Running this will output:

[
  'http://www.example.com/',
  'http://www.example.com/catalog?item=12&amp;desc=vacation_hawaii',
  'http://www.example.com/catalog?item=73&amp;desc=vacation_new_zealand'
]

Getting real

A sitemap file has a lot more than what we've dealt with till now. One sitemap file can link to other sitemap files as well. You can read more about the sitemap protocol on sitemaps.org.
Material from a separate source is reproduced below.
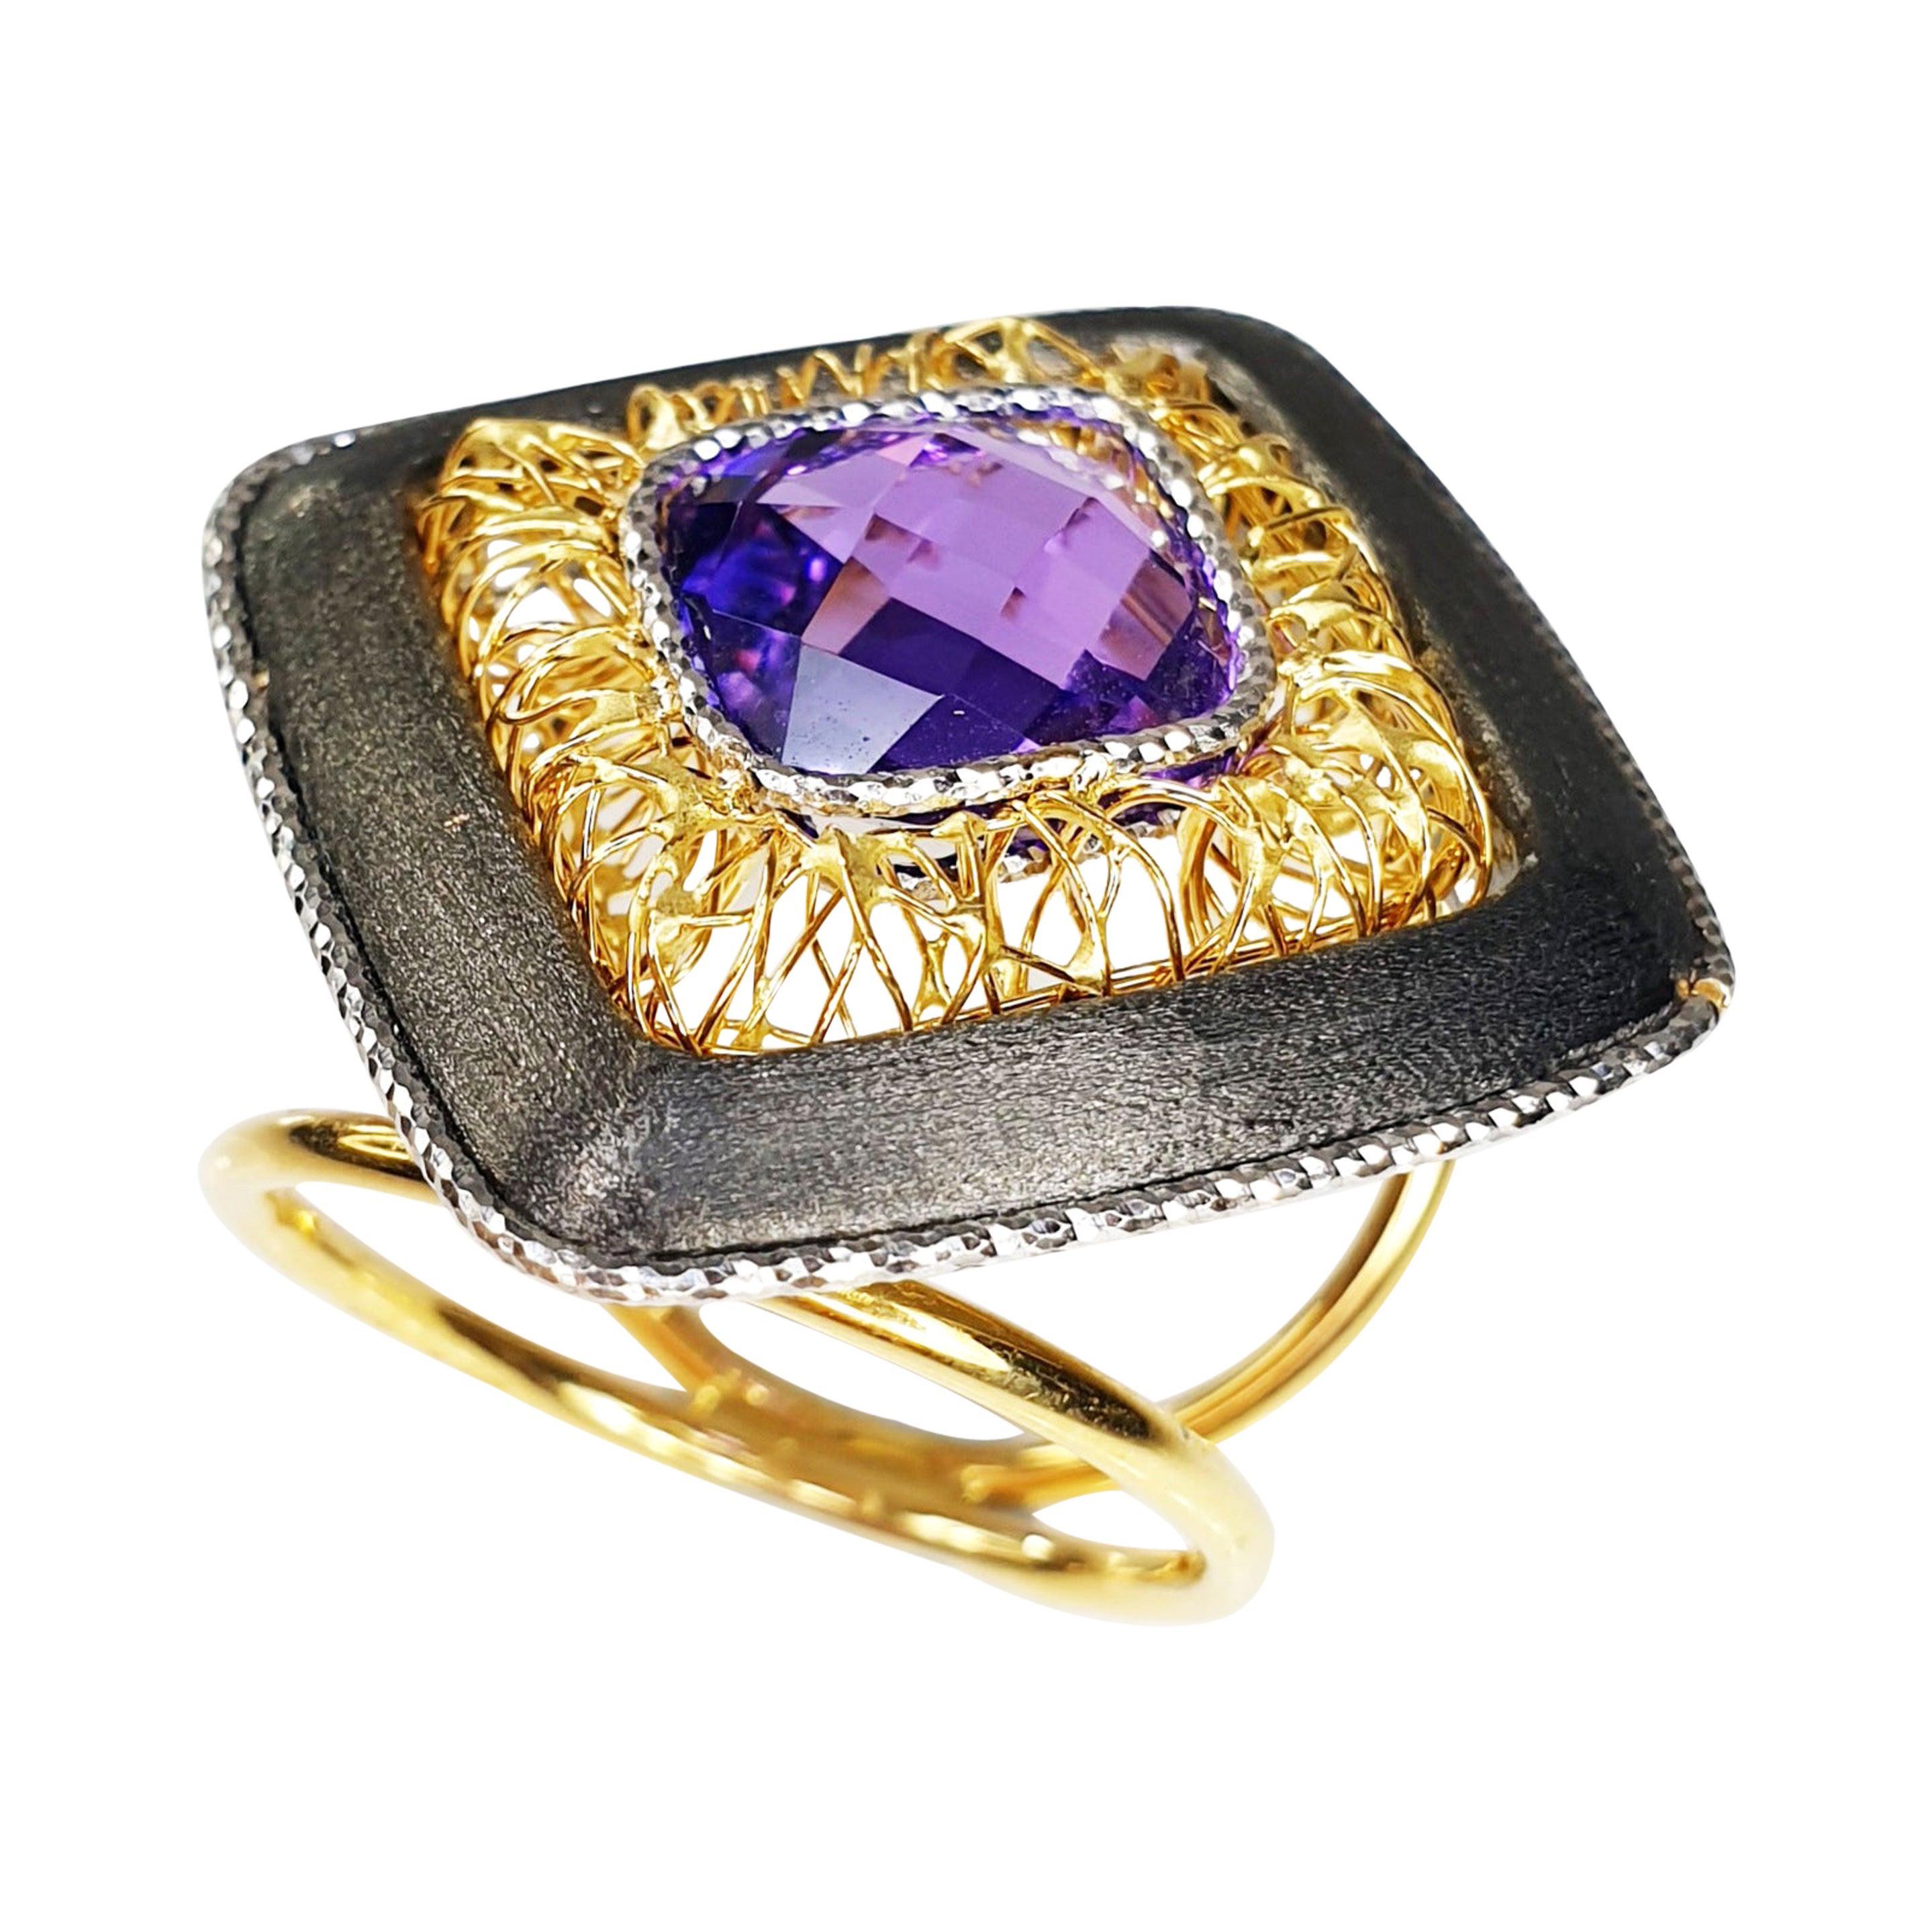 For Sale:  Multifaceted Amethyst in Titatium and 18 Karat White and Yellow Gold Ring

A sitemap file can either be a simple sitemap file:

<?xml version="1.0" encoding="UTF-8"?>
<urlset xmlns="http://www.sitemaps.org/schemas/sitemap/0.9">
   <url>
      <loc>http://www.example.com/</loc>
      <lastmod>2005-01-01</lastmod>
   </url>
   <url>
      <loc>http://www.example.com/catalog?item=12&amp;desc=vacation_hawaii</loc>
   </url>
   <url>
      <loc>http://www.example.com/catalog?item=73&amp;desc=vacation_new_zealand</loc>
      <lastmod>2004-12-23</lastmod>
   </url>
</urlset>

or a sitemap index file that links to other sitemaps:

<?xml version="1.0" encoding="UTF-8"?>
<sitemapindex xmlns="http://www.sitemaps.org/schemas/sitemap/0.9">
   <sitemap>
      <loc>http://www.example.com/sitemap1.xml.gz</loc>
      <lastmod>2004-10-01T18:23:17+00:00</lastmod>
   </sitemap>
   <sitemap>
      <loc>http://www.example.com/sitemap2.xml.gz</loc>
      <lastmod>2005-01-01</lastmod>
   </sitemap>
</sitemapindex>

FAs that can handle this can be constructed easily.

Please note that the sitemap spec defines two more tags <changefreq>
and

<priority>

that we've omitted from our example.

Learning more

I hope this article provides a gist of how FAs can be used. Remember that while finite automatons look simple, more powerful automatons also exist. These are required for more complex parsing tasks (for example: saving the text of the

<loc>

tags only when the date in

<lastmod>

is later than a given date).

This course on edX is a great resource for learning more about automata theory.